Environment Variables

Code Ocean specific environment variables are available during Reproducible Runs and Cloud Workstation Sessions to reduce coding complexity.

Code Ocean Specific Environment Variables

CO_CPUS: the number of available CPU cores.

CO_MEMORY: the available RAM in bytes.

CO_COMPUTATION_ID: the unique identifier of the current computation.

CO_CAPSULE_ID: the capsule's unique identifier, also available in the metadata page.

CO_PIPELINE_ID: the pipeline's unique identifier, also available in the metadata page. Only present in a pipeline reproducible run.
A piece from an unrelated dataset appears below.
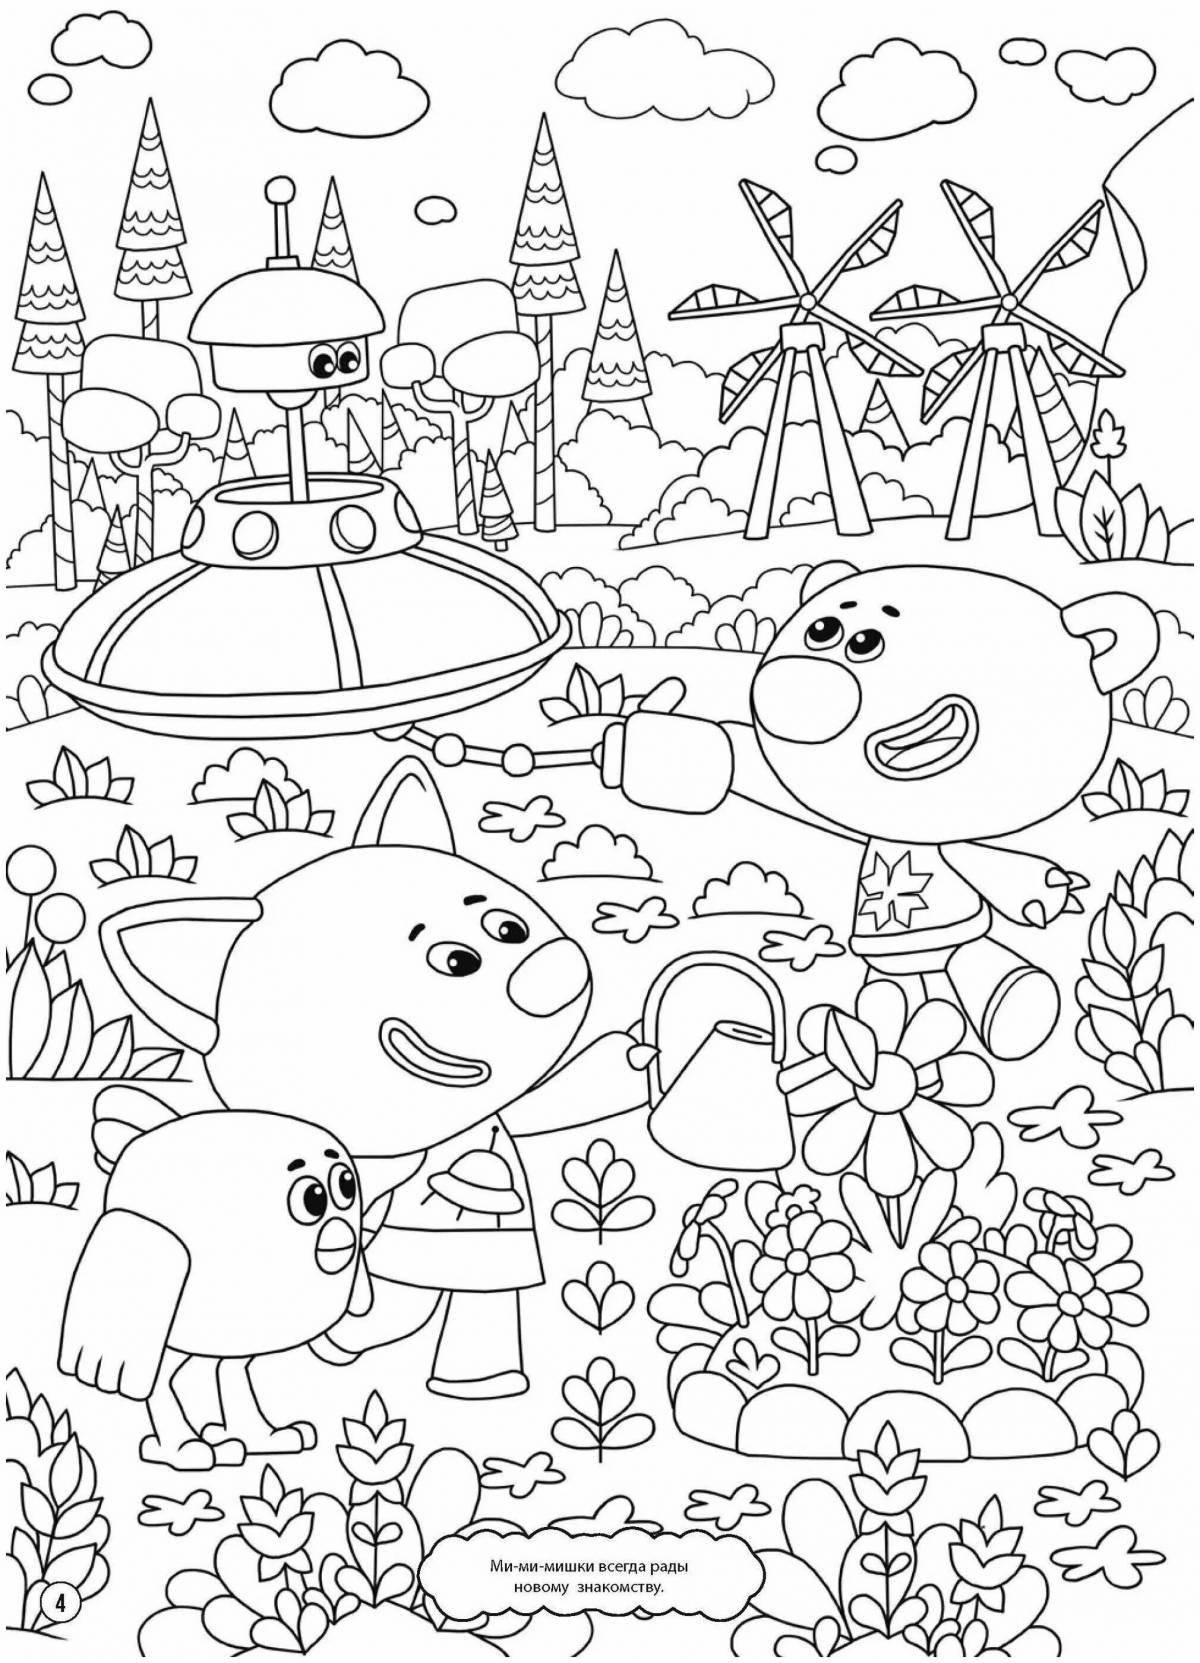 Color cartoon Mimimishki coloring book

GIT_ACCESS_TOKEN: only defined if a user has entered their Git credentials in the Account page.

Use in Pipelines

Each capsule in a pipeline will have its own CO_CPUS, CO_MEMORY, and CO_CAPSULE_ID variables but they will all share the same CO_PIPELINE_ID and CO_COMPUTATION_ID.

CO_CPUS and CO_MEMORY variables should always be used over other approaches when the CPU and memory count is used by a capsule. Since Code Ocean pipelines run on AWS Batch, manually calculating the CPU and memory count can be inaccurate due to discrepancies between the resources a job has been allocated and the resources of the machine the job is running on.

Examples

Passing the CPU Count to FastQC

FastQC is a command line tool for quality control of sequencing reads. The following code shows how CO_CPUS can be used as an argument to accelerate the computation by leveraging all available CPUs.

#!/usr/bin/env bash
for file in $(find -L ../data -name "*.fastq*"); do
    echo "Running FastQC on $(basename -a $file)"
    fastqc -t $CO_CPUS --outdir ../results $file
done

Maintaining Traceability When Transferring Data to External Locations

If the result of a capsule or pipeline is transferred outside of Code Ocean, the CO_CAPSULE_ID/CO_PIPELINE_ID and CO_COMPUTATION_ID variables can be used to help maintain traceability. The following code shows how these variables can be saved to a text file and transferred to the same external S3 bucket where the results are saved. Saving these unique identifiers ensures reproducibility by recording the exact capsule and computation that produced the result.

#!/usr/bin/env bash

#Transfer results to S3
aws s3 sync ../results/ s3://${S3_BUCKET_NAME}/path/to/results/

#Save unique identifiers to the same location
echo "Capsule ID: $CO_CAPSULE_ID" >> ../results/traceability.txt
echo "Computation ID: $CO_COMPUTATION_ID" >> ../results/traceability.txt

aws s3 cp ../results/traceability.txt s3://${S3_BUCKET_NAME}/path/to/results/